Key differences between HEA funding statement accounting policies

University College Cork
Key differences between HEA funding statement accounting policies and
GAAP accounting policies
The accounting policies used in preparing the HEA Funding Statement Financial Statements are the
accounting policies adopted by the seven Irish Universities. These accounting policies are
significantly different from the accounting policies adopted under GAAP. The key differences
between both formats are as follows:
Student Fee Income
In the HEA Funding Statement a portion of the student fee income is deducted from fee income and
transferred to fund capital projects. In addition an element of the fee income relating to non-EU
student fees, in excess of the EU fee level, is shown as other income while the balance is transferred
to faculty development accounts held in the balance sheet. This is not allowed under GAAP
accounting where total fee income must be reported in the Income and Expenditure account.
Research Income
In the HEA Funding Statement Research Income includes expenditure on fixed assets. In the GAAP
Financial Statements such expenditure is excluded. The expenditure is capitalised and depreciated
with a matching credit for grant amortisation.

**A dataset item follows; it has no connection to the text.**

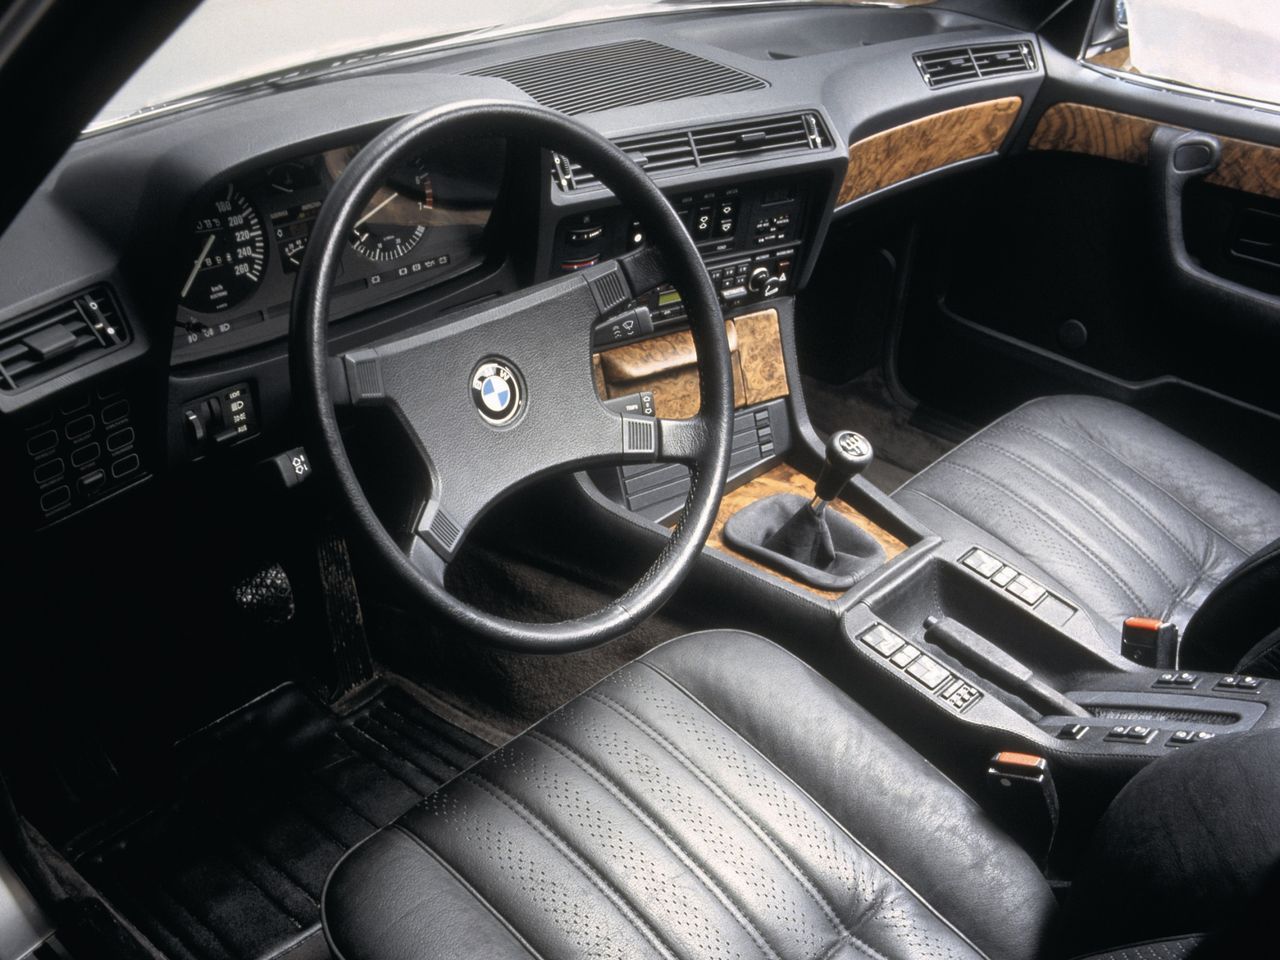 W 1984 roku BMW poprawiło silnik 745i. Jednostka o oznaczeniu M106 została wyposażona w komputer Motronic. Powiększono także jej pojemność skokową. Wzrosła ona do 3,4 l.

Research Overhead Income received is disclosed as Other Income in the HEA Funding Statement. In
the GAAP financial statements this income is reported as Research Income
Recurrent Funding Transferred to Capital Projects
Recurrent funding used to fund equipment and capital project expenditure is charged to the Income
and Expenditure Account and credited to a capital reserve account in the Balance Sheet in the HEA
Funding Statement. Such a charge is not permitted under GAAP.
Movement in net under-spends on Departmental Budgets
An accrual/prepayment is made for the unspent/overspent portion of academic and certain
academic and other services departmental consumables and equipment budget allocations i.e. the
University recognised the internal indebtedness to the department on the basis that a budget
allocation had been made to the department in the HEA Funding Statement. Under GAAP accounting
this accrual/prepayment is not allowed as there is no actual liability to an external party.
Internal Interest
The University charges itself internal interest for the use of certain funds. This internal interest is not
allowed under GAAP accounting.
Depreciation & Capital Grant Amortisation
Fixed assets are depreciated over the course of their useful lives i.e. the cost of the asset is spread
over a number of years. Similarly funding received/receivable in respect of these assets is credited to
the financial statements over the same period. The manner in which these capital receipts are
recognised and released to the income and expenditure account results in the different amortisation
amounts in both account formats.
In HEA Funding Statement the grant amortisation credit is the same as the depreciation charge.
Under GAAP only funds received/receivable specifically for the purpose of funding fixed asset can be
amortised. Where a fixed asset is not funded or not fully funded, under GAAP, the grant
amortisation credit will be less that the depreciation charge.
Expenditure charged to Development Fund Accounts
Charging expenditure to development fund accounts in the balance sheet is not permitted under
GAAP accounting. This expenditure is charged to the Income and Expenditure Account in the GAAP
Financial Statements.
Grossing up of Income & Expenditure
In the HEA Funding Statement certain income streams are offset against expenditure. In the GAAP
financial statements this income is shown as income and the related expenditure is shown gross.
Certain items are disclosed differently in both formats of accounts. For example the net income and
expenditure of certain subsidiary undertakings are shown as Ancillary Services in the HEA Funding
Statement while the gross income and expenditure are disclosed in the GAAP financial statements.